A RISC-V core by itself is not very useful, and needs at least some memory to execute instructions and to store its results. Connecting these memories and analog peripherals to the RISC-V core can be achieved using different architectures and bus protocols, with each of them having its own advantages and disadvantages. This leads to the next sub-question: *Which on-chip busprotocol and memory architecture are most suitable for the RISC-V control system, such that it is easy for the analog design engineer to interact with the system?* 

#### C. Main contributions

This work mainly focuses on the practical aspect of the design of the RISC-V control system, since the goal of the project is to design and implement a control system that the analog and mixed-signal designers of the ICD group can actually use. To summarize, the main contributions of this work are listed below:

- A reusable and modular design of the RISC-V control system, which is easily extendable and provides an easy-to-use interface for the analog and mixedsignal design engineers.
- A complete verification setup to simulate the RISC-V control system, including simulation of a debug probe using the OpenOCD debugger.
- A fully placed and routed RISC-V control system using a custom designed digital EDA flow for Globalfoundries' 22nm FDSOI technology, including clock tree synthesis, and timing verification.

#### D. Paper structure

First, **Section II** will show some of related work available in research and open-source communities. **Section III** then focuses on the RISC-V core of the control system, and contains a study of different opensource RISC-V cores. It also explains the various design decisions made for the different configurations of the RISC-V core. Next, **Section V** will explain how the RISC-V core is integrated with the memories and the rest of the control system, and show how the different components fit together to form a modular and reusable control system. In addition to that, **Section VI** explains how the complete RISC-V control system is tested and validated, and finally **Section VII** shows the results of the implemented design on Globalfoundries' 22FDX<sup>®</sup> platform.

#### II. RELATED WORK

This section presents some existing RISC-V control systems and the the possibility of reusing (parts) of these designs is discussed. Two different type of systems are looked into, systems designed by research groups, and open-source implementations of RISC-V control systems.

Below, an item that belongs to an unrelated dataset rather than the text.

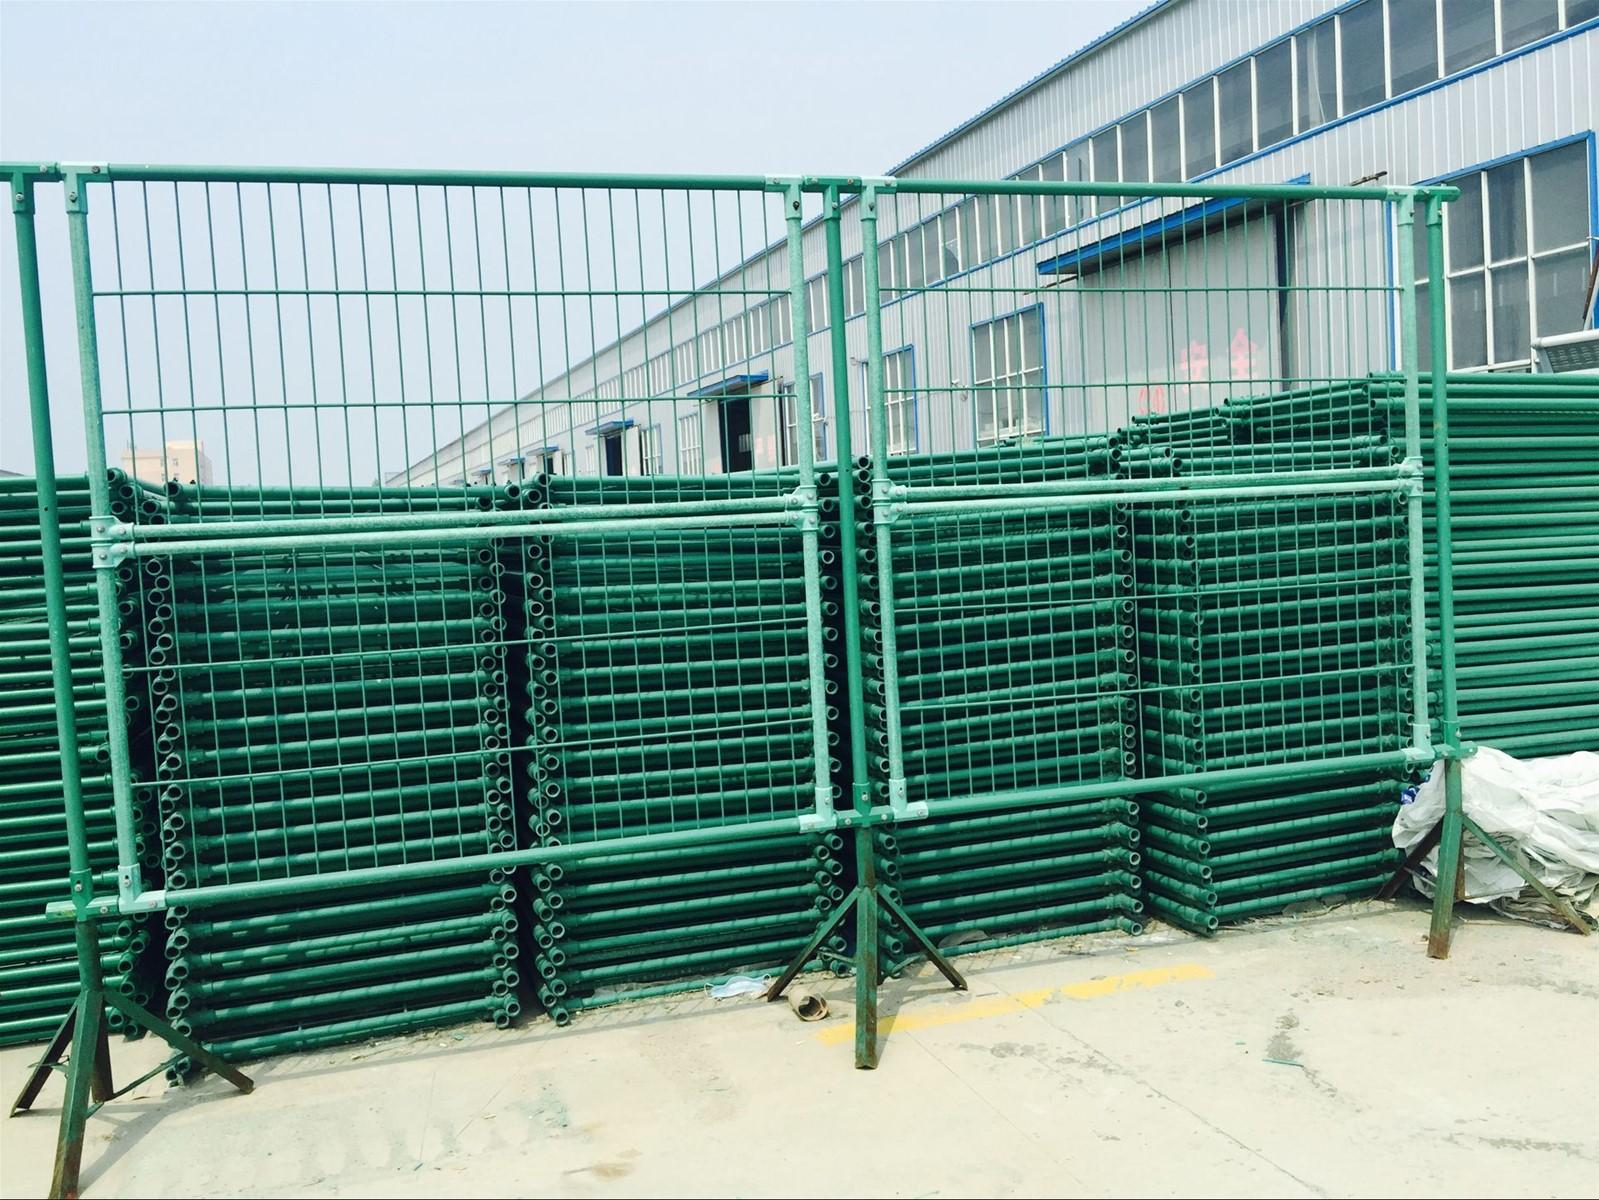 Fiberglass Fencing Products : Fiberglass reinforced plastic fence supply purchasing

The PULP (Parallel Ultra-Low-Power) team, which is a collaboration between the ETH Zürich and University of Bologna, has contributed a lot of research to the different RISC-V cores and systems. Their focus is mainly on energy efficient multicore IoT devices [5], however there have also been efforts from the PULP team to build smaller systems using their RISC-V cores. Once such example is the PULPissimo system, which consists of a single RISC-V core with a complex memory system. The effective area reported in [6] is  $1.22 \text{ mm}^2$ , which uses the same technology as the work in this paper. This area is too big to be considered for this work, as the target of this design is to fit in 250 µm by 250 µm, so it is not possible to reuse the complete system. Another smaller RISC-V system from the PULP team is the PULPino system (2016) [7]. This system uses a custom debug protocol for its communication, because at the time when this system was designed, the RISC-V Debug Specification [8] was not standardized yet. New systems benefit from using this standard, since it means that debug hardware outside the chip does not need to be redesigned.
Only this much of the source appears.